Real estate segments benefit from surging FDI inflow in production
Despite a modest influx of foreign direct investment (FDI) in the real estate sector since early 2024, Savills Vietnam sees a silver lining in the surge of FDI into high-tech manufacturing.
The latest data from the General Statistics Office (GSO) revealed that total registered FDI in Vietnam reached 24.78 billion USD as of late September, marking an annual increase of 11.6%.
At Phu My 3 Specialised Industrial Park. |
The southern region has been a magnet for FDI, particularly cities and provinces with robust infrastructure, a stable workforce supply, and proactive investment promotion, such as Ho Chi Minh City, Ba Ria-Vung Tau, Binh Duong, Dong Nai, and Ninh Thuan provinces.
Economists attributed this trend to companies seeking to diversify their supply chains or relocate production lines from China, where labour and production costs have become less competitive. Vietnam's strategic location in the heart of Southeast Asia makes it an attractive alternative.

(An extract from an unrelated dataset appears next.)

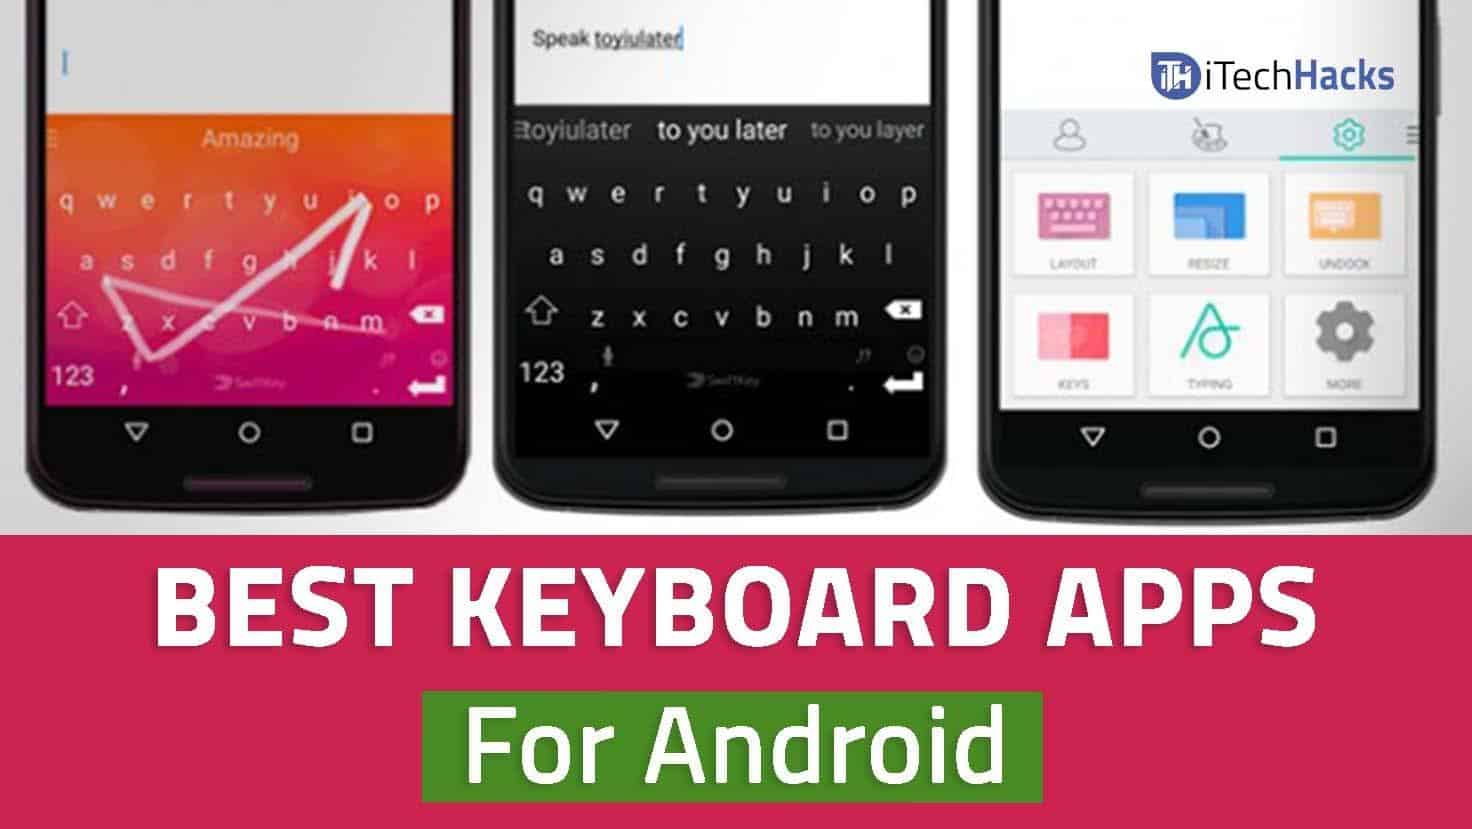 Best keyboard apps for Android

Experts from Savills Vietnam said this shift brings substantial investment capital, enhances production capacity, creates quality jobs, and develops supporting industries. Consequently, Vietnam is evolving from a low-cost investment destination into a hi-tech manufacturing hub with greater value-added production.
The surge in FDI within the manufacturing sector is having a ripple effect on various real estate segments, including offices, serviced apartments and industrial properties, as demand continues to grow.
Alex Crane, Executive Director of Knight Frank Vietnam, noted that the continued development and leasing of ready-built factories is a positive sign.“This provides tenants with more options as they consider Vietnam a suitable destination for investment or business expansion”, he said.